I don’t know, perhaps we’re not talking about the same thing. It won’t be an agent with a single, non-reflective goal, but an agent billion times more complex than a human; and all I am saying is, that I don’t think it will matter much, whether we imprint in it a goal like “don’t kill humans” or not. Ultimately, the decision will be its own.
So it can change in the same way that you can decide right now that your only purposes will be torturing kittens and making giant cheesecakes. It can-as-reachable-node-in-planning do it, not can-as-physical-possibility. So it’s possible to build entities with paperclip-maximizing or Friendly goals that will never in fact choose to alter them, just like it’s possible for me to trust you won’t enslave me into your cheesecake bakery.
(nods) Whether it’s possible or not is generally an open question. There’s a lot of skepticism about it (I’m fairly skeptical myself), but as with most technical questions, I’m generally content to have smart people research the question in more detail than I’m going to.
As to whether it’s desirable, though… well, sure, of course it depends on our goals. If all I want is (as you say) to create a new race to replace humanity, and I’m indifferent as to the values of that race, then of course there’s no reason for me to care about whether a self-improving AI I create will avoid value drift.
Personally, I’m more or less OK with something replacing humanity, but I’d prefer whatever that is to value certain things. For example, a commonly used trivial example around here of a hypothetical failure mode is a “paperclip maximizer”—an AI that only valued the existence of paperclips, and consequently reassembled all matter it can get its effectors on as paperclips. A paperclip maximizer with powerful enough effectors reassembles everything into paperclips.
I would prefer that not happen, from which I conclude that I’m not in fact indifferent as to the values of a sufficiently powerful AI… I desire that such a system preserve at least certain values. (It is difficult to state precisely what values those are, of course. Human values are complex.) I therefore prefer that it avoid value drift with respect to those values.
Well first, I was all for creating an AI to become the next stage. I was a very singularity-happy type of guy. I saw it as a way out of this world’s status quo—corruption, state of politics, etc… but the singularity would ultimately mean I and everybody else would cease to exist, at least in their true sense. You know, I have these romantic dreams, similar to Yudkowsky’s idea of dancing in an orbital night club around Saturn, and such. I don’t want to be fused in one, even though possibly amazing, matrix of intelligence, which I think is how the things will play out, eventually. Even though, I can’t imagine what it will be like and how it will pan out, as of now I just don’t cherish the idea much.

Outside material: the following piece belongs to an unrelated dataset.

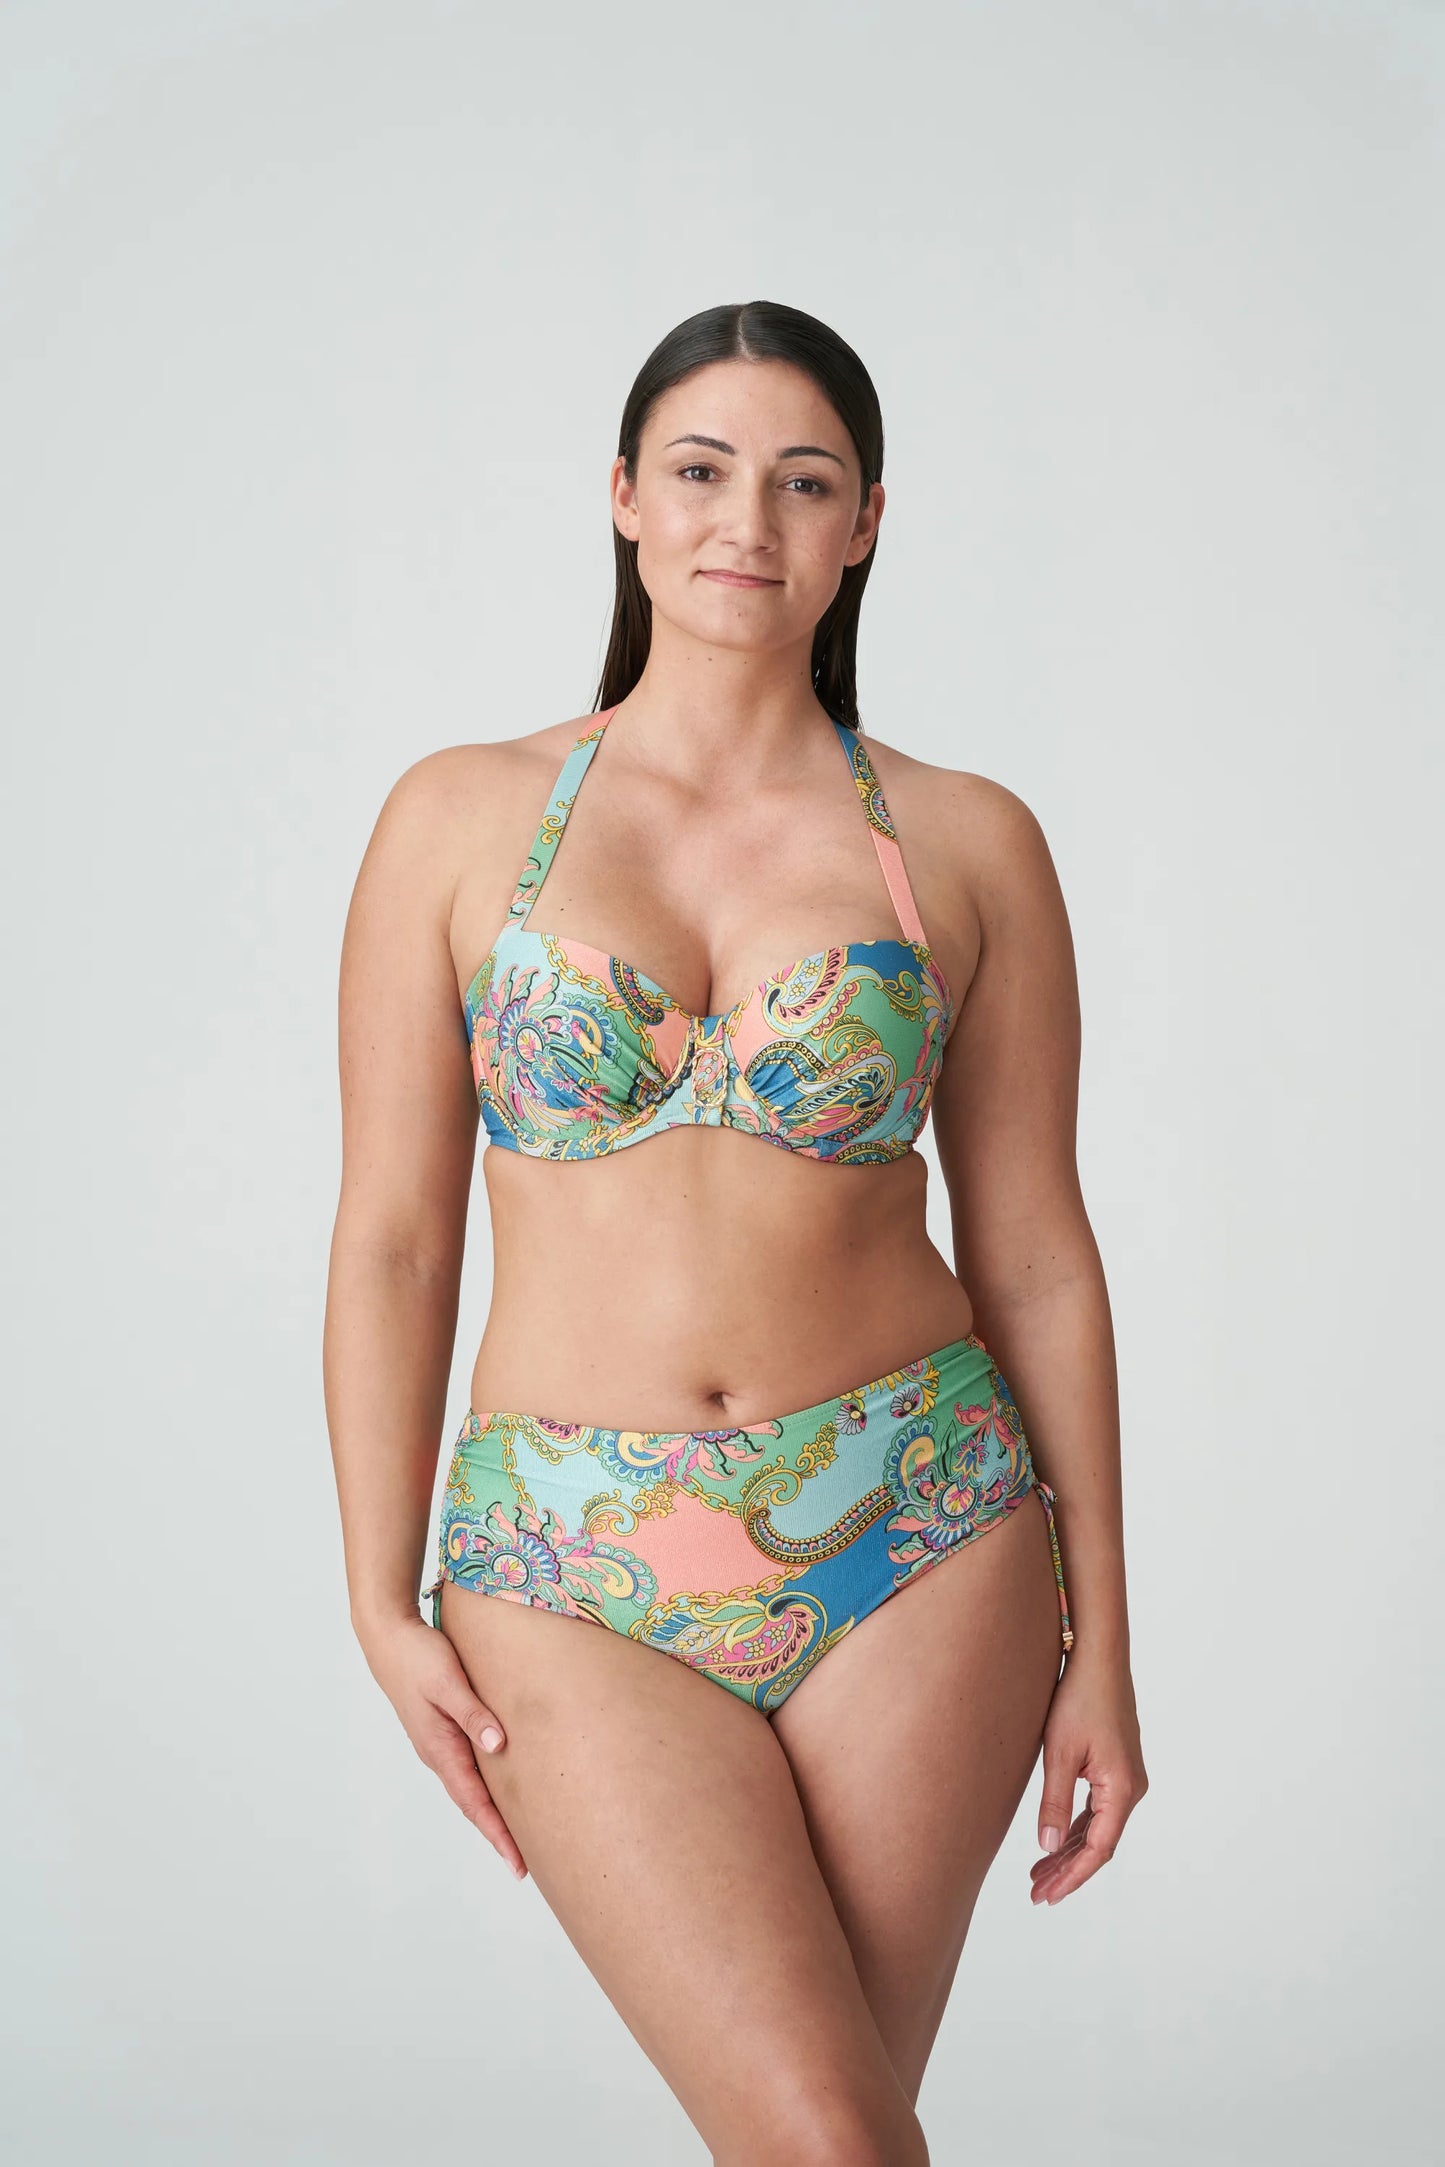 Prima Donna SWIM Voorgevormde Balconette bikini met tailleslip - Celaya 4011216 / 4011252 - Ilatian Chic

But yea, I could say that I am torn between moving on, advancing, and between more or less stagnating and in our human form.
But in answer to your question: if we were to creating an AI to replace us, I’d hate it to become paperclip maximizer. I don’t think it’s likely.
whether to create AI only to perform certain simple tasks or whether to create a new race, something that precedes us (which WOULD ultimately mean our demise, anyway))
That would be an impressive achievement! Mind you if I create and AI that can achieve time travel I would probably tell it to use it’s abilities somewhat differently.
Charity led me to understand “precedes us” to mean takes precedence over us in a non-chronological sense.
But as long as we’re here… why would you do that? If a system is designed to alter the future of the world in a way I endorse, it seems I ought to be willing to endorse it altering the past that way too. If I’m unwilling to endorse it altering the past, it’s not clear why I would be willing to endorse it altering the future.
Charity led me to understand “precedes us” to mean takes precedence over us in a non-chronological sense.
Charity led me to understand that, because the use of that word only makes sense in the case time travel, he just meant to use another word that means succeeds, replaces or ‘is greater than’. But time travel is more interesting.
Mm. No, still not quite clear. I mean, I agree that all of us not dying is better than all of us dying (I guess… it’s actually more complicated than that, but I don’t think it matters), but that seems beside the point.
Suppose I endorse the New World Order the AI is going to create (nobody dies, etc.), and I’m given a choice between starting the New World Order at time T1 or at a later time T2.
In general, I’d prefer it start at T1. Why not? Waiting seems pointless at best, if not actively harmful.
I can imagine situations where I’d prefer it start on T2, I guess. For example, if the expected value of my making further improvements on the AI before I turn it on is high enough, I might prefer to wait. Or if by some coincidence all the people I value are going to live past T2 regardless of the NWO, and all the people I anti-value are going to die on or before T2, then the world would be better if the NWO begins at T2 than T1. (I’m not sure whether I’d actually choose that, but I guess I agree that I ought to, in the same way that I ought to prefer that the AI extrapolate my values rather than all of humanity’s.)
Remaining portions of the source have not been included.